With it, the PAD group wants to point the visitor’s attention to the fact that despite their mediated depiction of the people as being lazy and “just waiting for the benefits”[4], they are shown to be active and creative agents of their lives. I cannot agree more with the first part – the ways in which the media represents poor peoples’ lives is, indeed, shameful. However, I am less convinced by the methods the group chose to battle this phenomenon. In this video[5], you’ll get a tour around the exhibition.
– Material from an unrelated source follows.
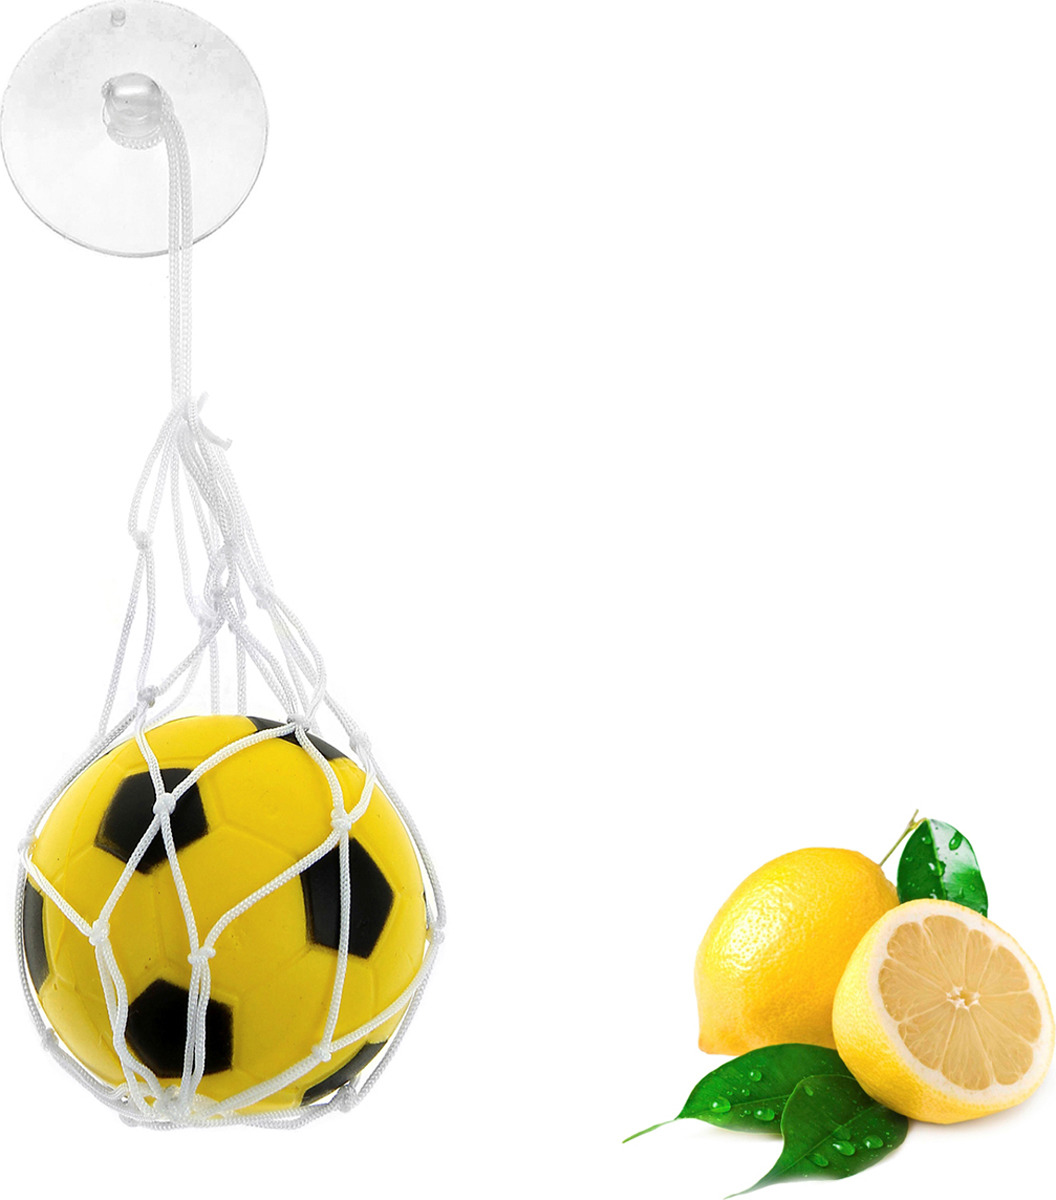 Ароматизатор автомобильный Luazon Футбольный мяч, лимон, под сиденье, 805472, желтый гирлянда luazon метраж футбольный мяч 5m ed 20 220v white 2433914

Watch it, and then I’d like to talk about the responsibility of the artist/researcher, the goals of the show and the hindrances caused by its actual realisation; and also, the elephant in the room: if art is a vehicle of emancipation, how would some hundred people’s visiting the show contribute to the emancipation of the very people who are represented by the exhibition?

Since there is no comment section (there should be!), my email is g.erlich2@wlv.ac.uk, I’ll continue this line of thought in next month’s entry.

[1] I have the Penguin paperback version which was published in 2019. Special thanks to John Roberts for understanding how much reading this book would mean to me.

[2] https://offbiennale.hu/en/2021/projects/hetkoznapi-hianycikkek

[3] Ibid.

[4] Everyday phrase in Hungary, which is only amplified by Viktor Orban’s rhetoric praising the ‘society that is based on work’.